## THE TASK:
The answer should consist of the full listing below, repeated exactly and free of pictures.

--- DATASET EXTRACT ---

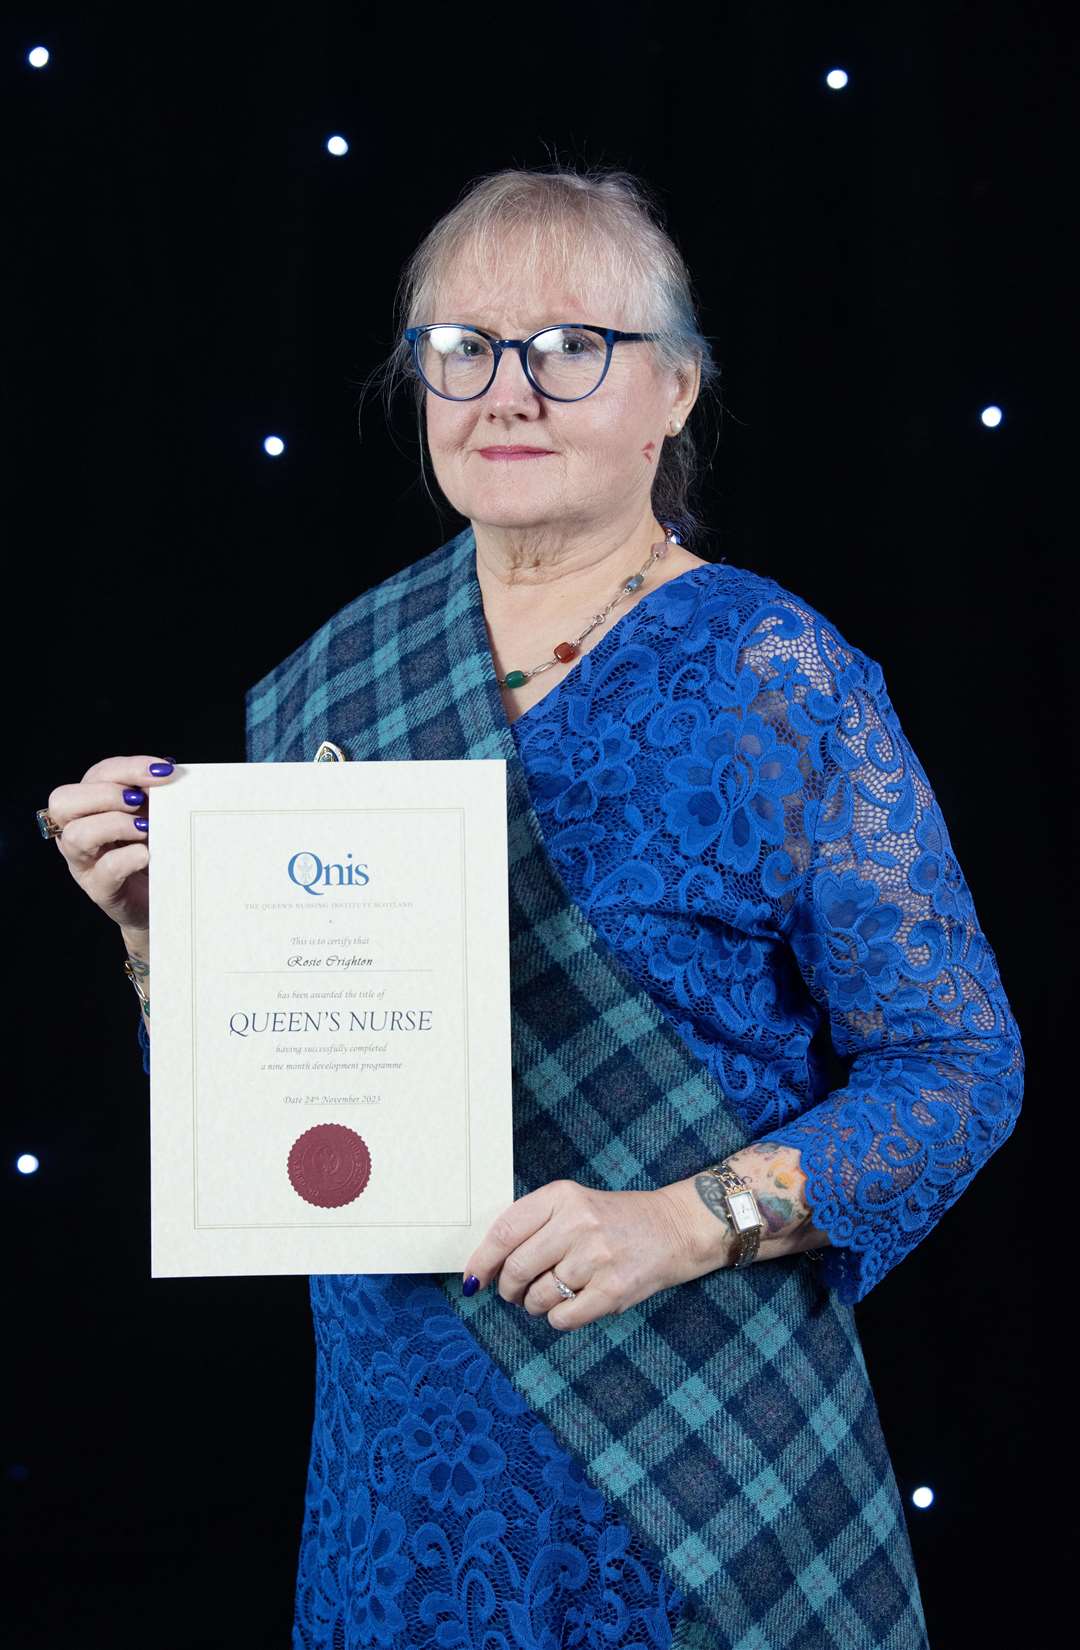 Rosie Crighton has been awarded the prestigious title of Queen’s Nurse.
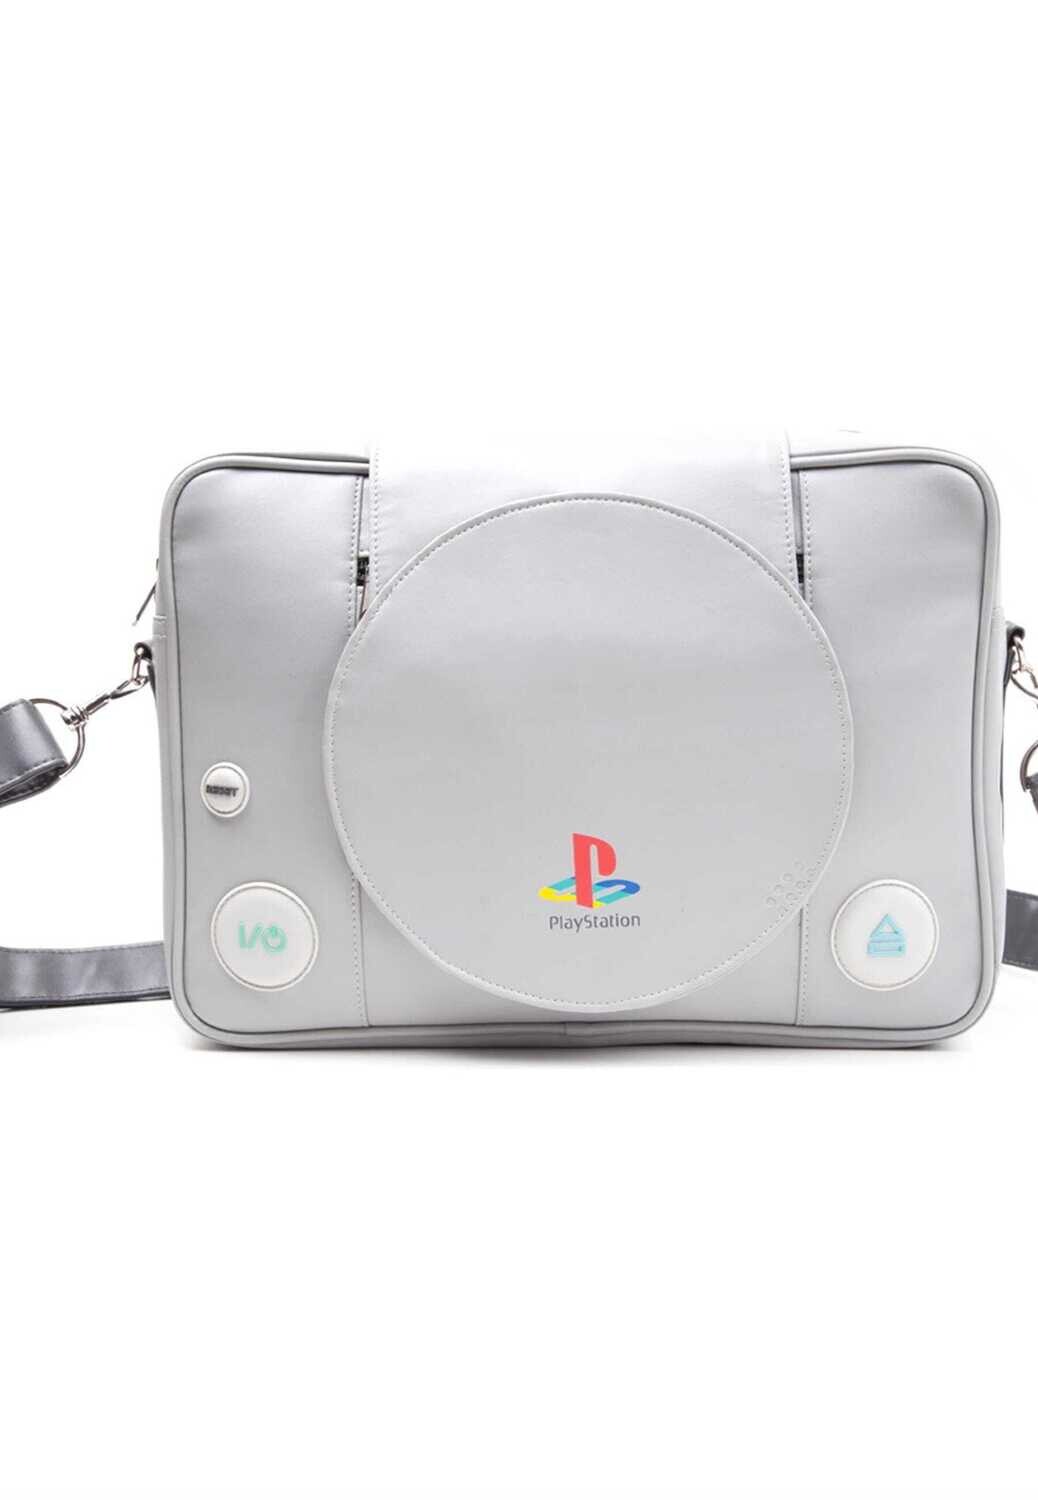 Playstation - Shaped Playstation messenger bag
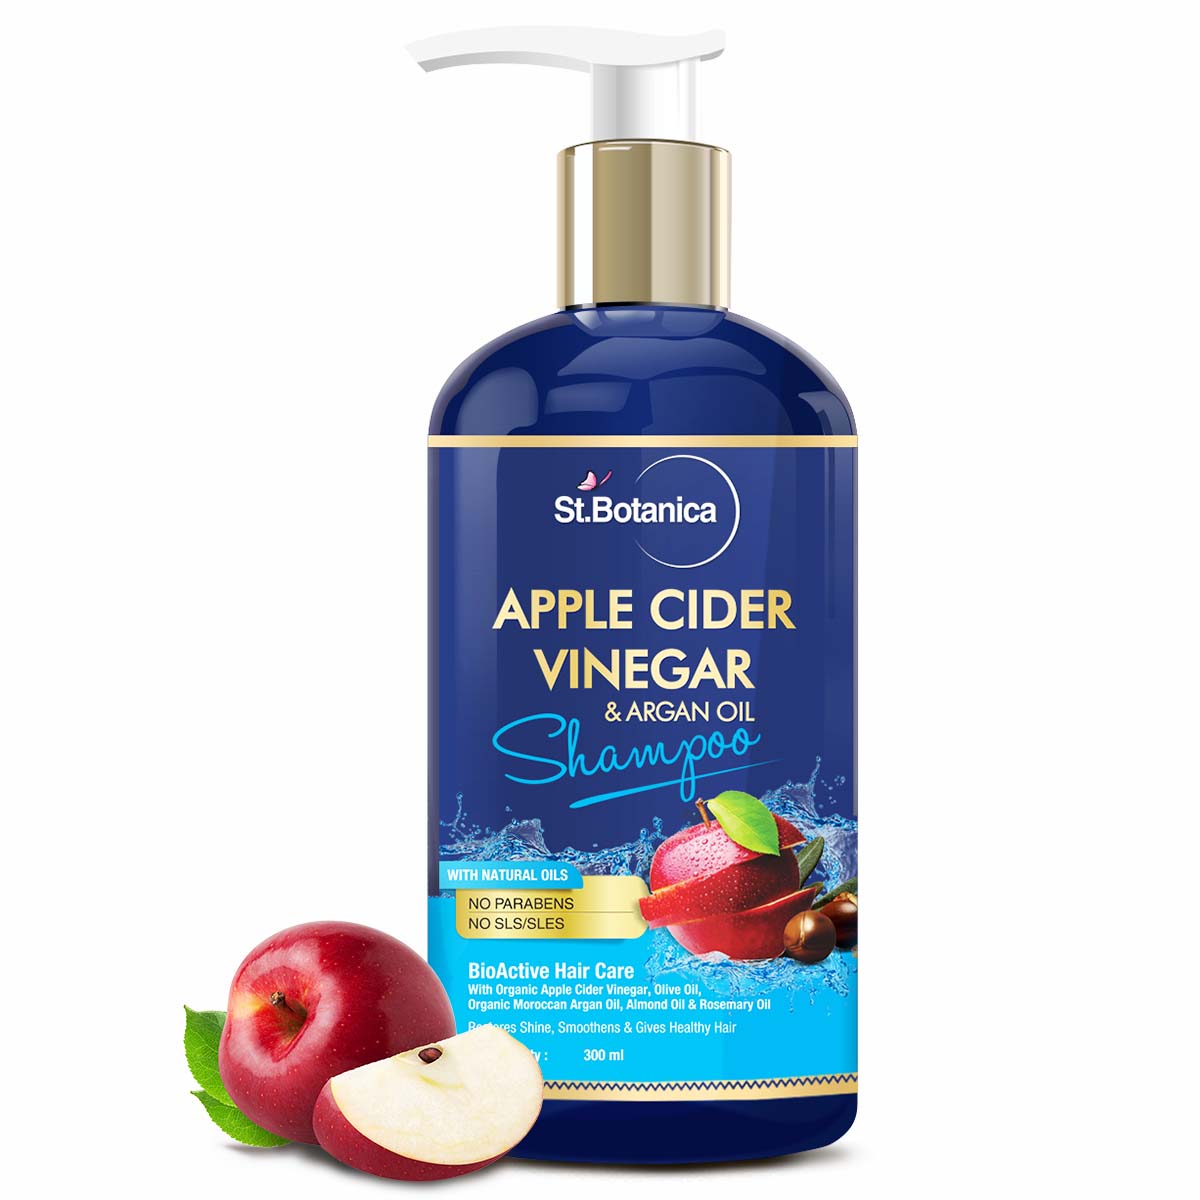 St.Botanica Apple Cider Vinegar & Organic Argan Oil Hair Shampoo - 300ml - No Sulphate, No Parabens, No Silicon

---

## ANSWER SECTION:
 Rosie Crighton has been awarded the prestigious title of Queen’s Nurse.
 Playstation - Shaped Playstation messenger bag
 St.Botanica Apple Cider Vinegar & Organic Argan Oil Hair Shampoo - 300ml - No Sulphate, No Parabens, No Silicon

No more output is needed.